The individual and combined effects of sodium butyrate (NaB) and 1,25-dihydroxyvitamin D 3 (1,25-(OH) 2D 3) on inhibition of cell growth and initiation of enterocytic differentiation were investigated in established HT-29 human colonic adenocarcinoma cells. 1,25-(OH) 2D 3 alone caused some growth restriction but failed to induce differentiation of HT-29 carcinoma cells into a more benign enterocytic phenotype, as assessed by the appearance of mucin-producing colonocytes (goblet cells), increased alkaline phosphatase activity, and the generation of flat foci. NaB, in contrast, produced considerable biochemical and morphologic differentiation along the enterocyte maturation pathway.
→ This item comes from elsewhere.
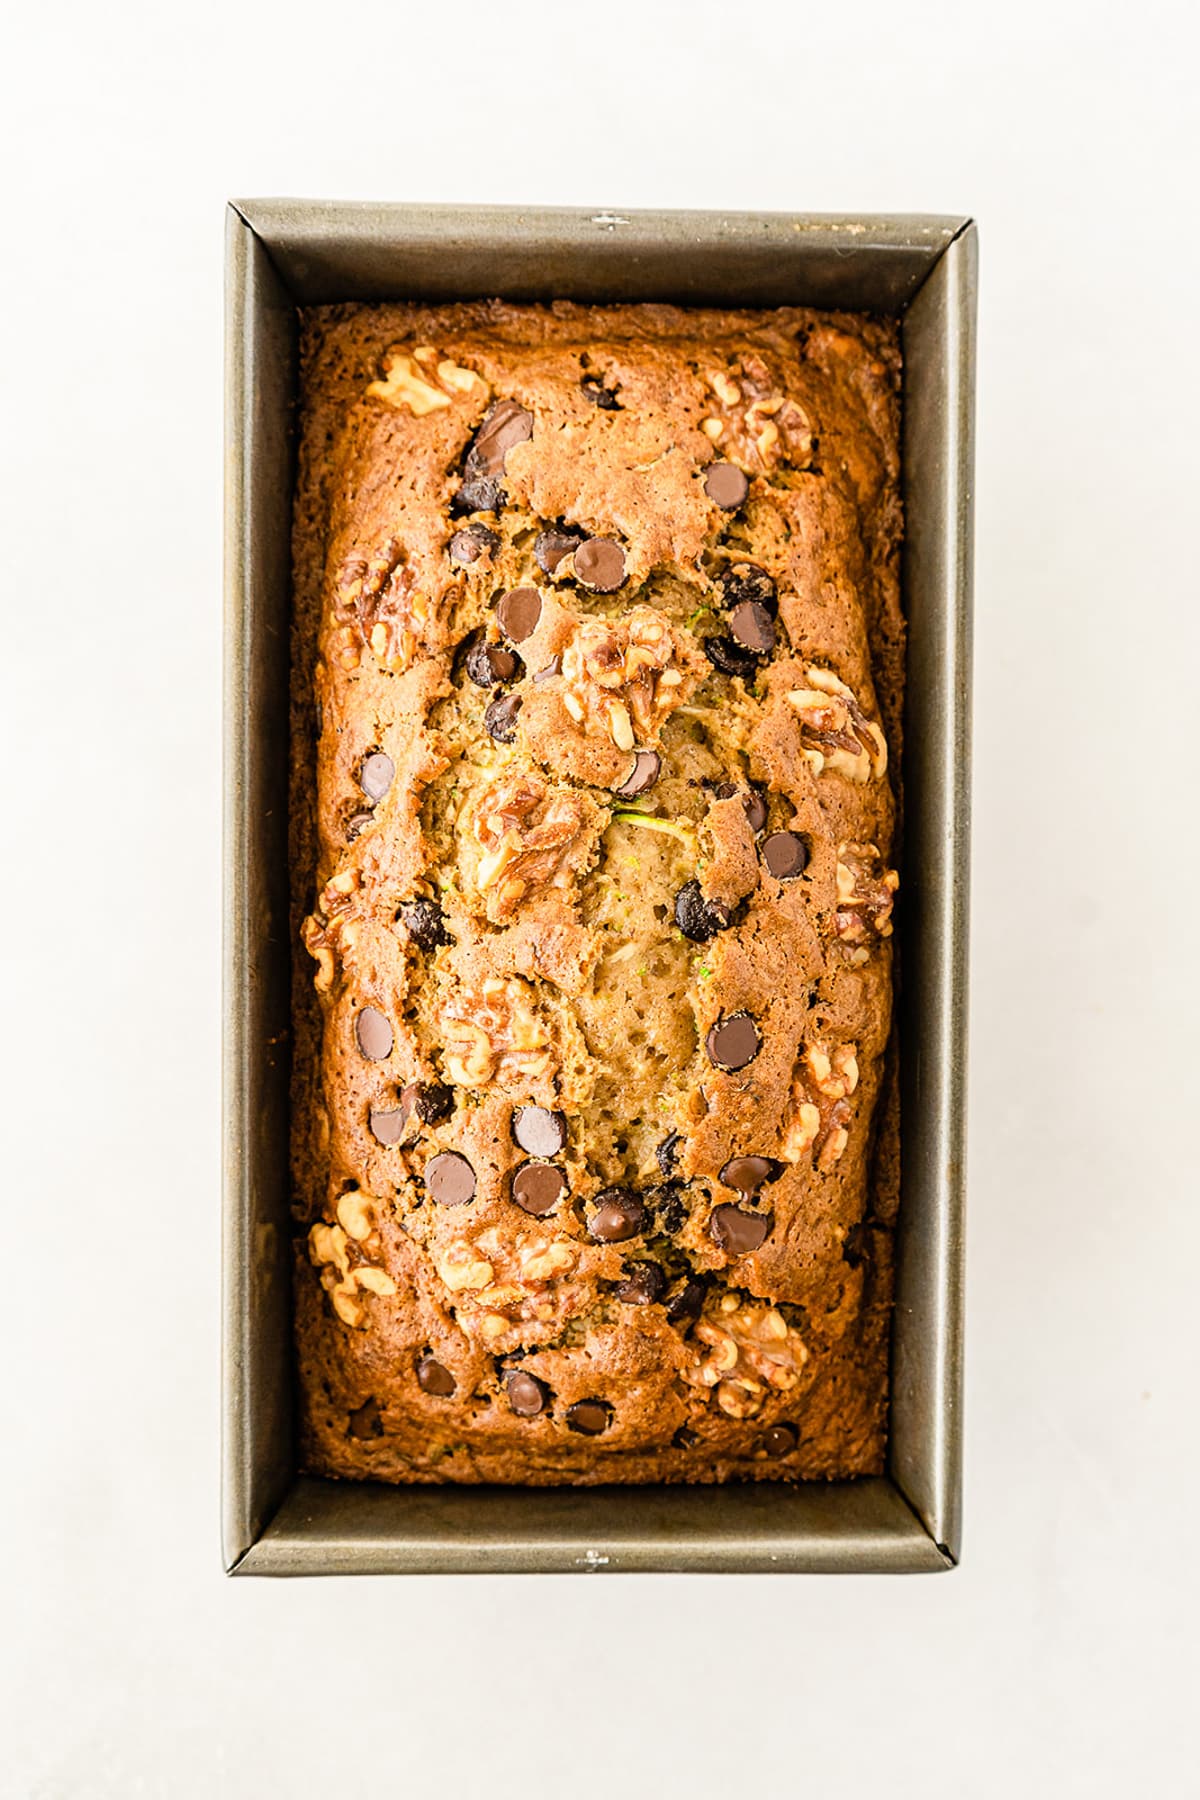 Finished baked chocolate chip walnut zucchini bread load in pan from above on a counter.

Combined exposure of HT-29 cells to both NaB and 1,25-(OH) 2D 3, however, significantly augmented the frequency of differentiated colonocytes, growth inhibition, extent of goblet cell maturation attained, and level of alkaline phosphatase activity over that seen with NaB alone. These data suggest that the in vitro “differentiation” response of human carcinoma cells is a complex process which, like normal cell maturation within the colonic crypts in vivo, is modulatable (both qualitatively and quantitatively) as a function of inducer composition.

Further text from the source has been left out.